Farnsworth, cuja equipe usou modelos climáticos pioneiros para avaliar os resultados, concluiu que "essencialmente, esquentou demais em todos os lugares". "As mudanças responsáveis pelos padrões climáticos identificados foram profundas porque ocorreram episódios de El Niño muito mais intensos e prolongados do que os atuais, e as espécies simplesmente não estavam preparadas para se adaptar ou evoluir rápido o suficiente."

El Niño do Permiano-Triássico durou muito mais do que um ou dois anos seguidos

Durante os últimos anos, os fenômenos de El Niño provocaram grandes mudanças nos padrões de precipitação e temperatura, como os extremos meteorológicos que provocaram a onda de calor de junho de 2024 na América do Norte, quando as temperaturas registradas ficaram uns 15 graus acima do normal.

O período de 2023-2024 também foi um dos mais quentes registrados a nível mundial devido ao El Niño, que foi agravado por emissões humanas de carbono, provocando secas e incêndios catastróficos em todo o mundo, como observam os autores do estudo no artigo.

Eles apontam que, "felizmente", até agora esses fenômenos só têm durado um ou dois anos seguidos, mas durante a crise do Permiano-Triássico o El Niño persistiu por muito mais tempo, provocando uma década de seca generalizada seguida de anos de inundações.

Naquela época, porém, não havia Oceano Pacífico, e sim o colossal Pantalassa, cuja área era 30% mais extensa na altura do Equador – o que significa que a área de aquecimento anômalo das águas era muito maior e, portanto, tinha maior impacto sobre o clima global.

<><> "Não havia onde se esconder"

Os resultados do estudo também ajudam a explicar a abundância de carvão vegetal nas camadas rochosas daquele período. Paleontólogo da Universidade de Hull, no Reino Unido, David Bond afirma que os incêndios florestais se tornam muito comuns em climas propensos à seca, e a Terra acabou presa a um estado de crise em que o continente ardia e os oceanos estagnavam, tornando-se pobres em oxigênio. "Não havia onde se esconder."

Esses mega El Niños acabaram retroalimentando a elevação das temperaturas globais, levando à perda de cobertura vegetal.

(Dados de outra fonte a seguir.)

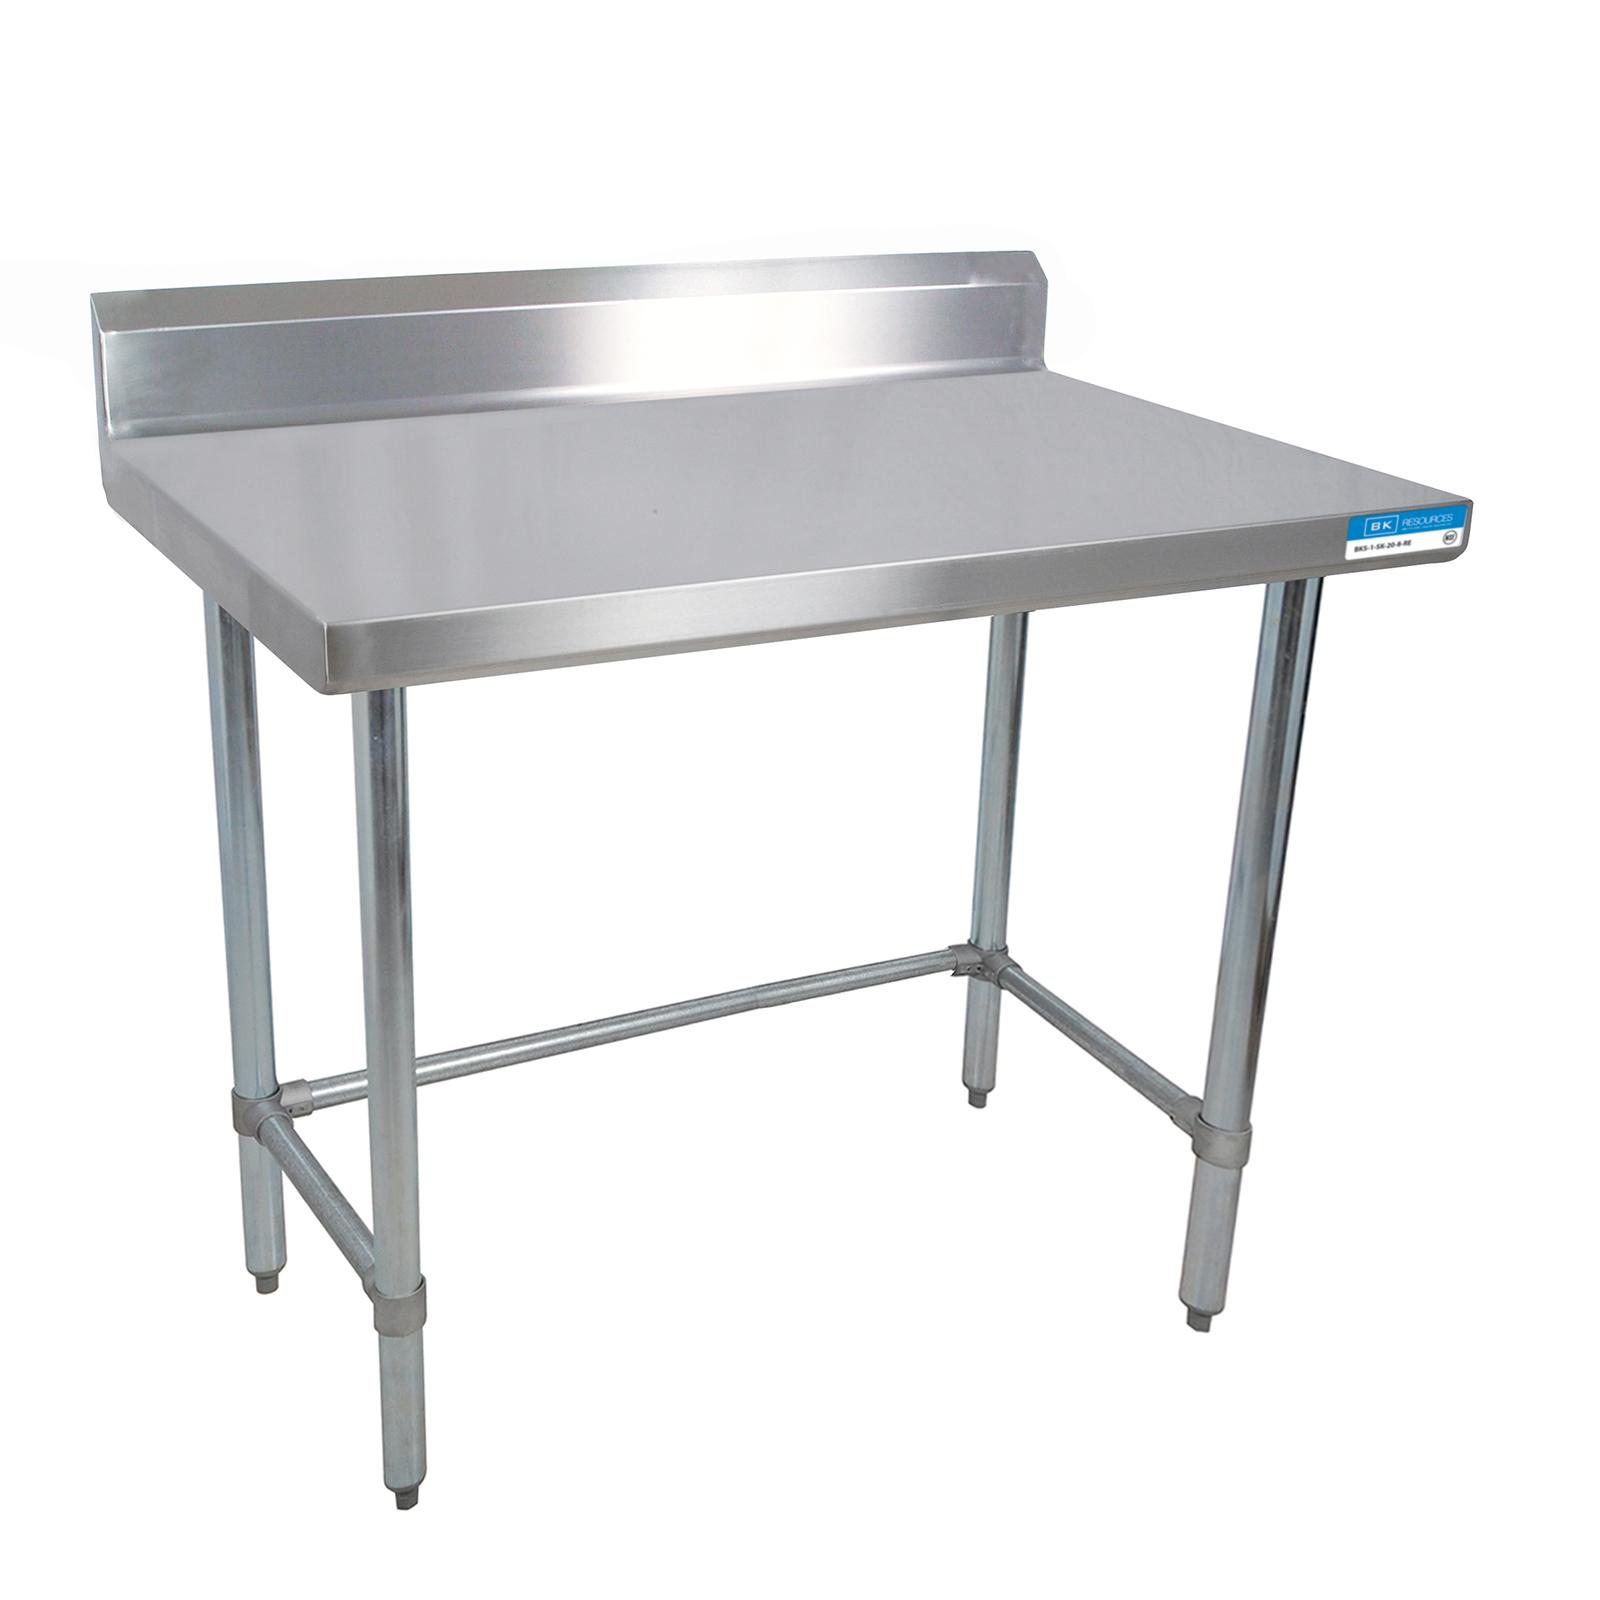 BK Resources VTTR5OB-4830 work table,  40

Sem as plantas, que são essenciais para a captura de carbono da atmosfera e a sobrevivência de outros seres, a terra perdeu uma de suas defesas contra o acúmulo de gases causadores do efeito estufa, o que por sua vez tornou os El Niños ainda mais intensos.

Segundo os pesquisadores, a Terra registrou, ao longo de sua história, muitos fenômenos vulcânicos parecidos com os da Sibéria, e muitos causaram extinções – mas argumentam que nenhum provocou uma crise como a do Permiano-Triássico.

Isso também ajuda a entender por que a extinção em massa do Permiano-Triássico no continente aconteceu dezenas de milhares de anos antes da extinção nos oceanos.

"Enquanto os oceanos estavam inicialmente protegidos do aumento das temperaturas, o mega El Niño fez as temperaturas em terra excederem a tolerância térmica da maior parte das espécies em um ritmo tão rápido que elas não puderam se adaptar a tempo", explica Sun. "Só espécies que puderam migrar rapidamente puderam sobreviver, e não havia muitas plantas ou animais que pudessem fazer isso."

A extinção em massa ocorrida naquela época, embora tenha sido devastadora, acabou fazendo dos dinossauros a espécie dominante, até a extinção em massa do período Cretáceo levar ao surgimento dos mamíferos e, eventualmente, dos humanos.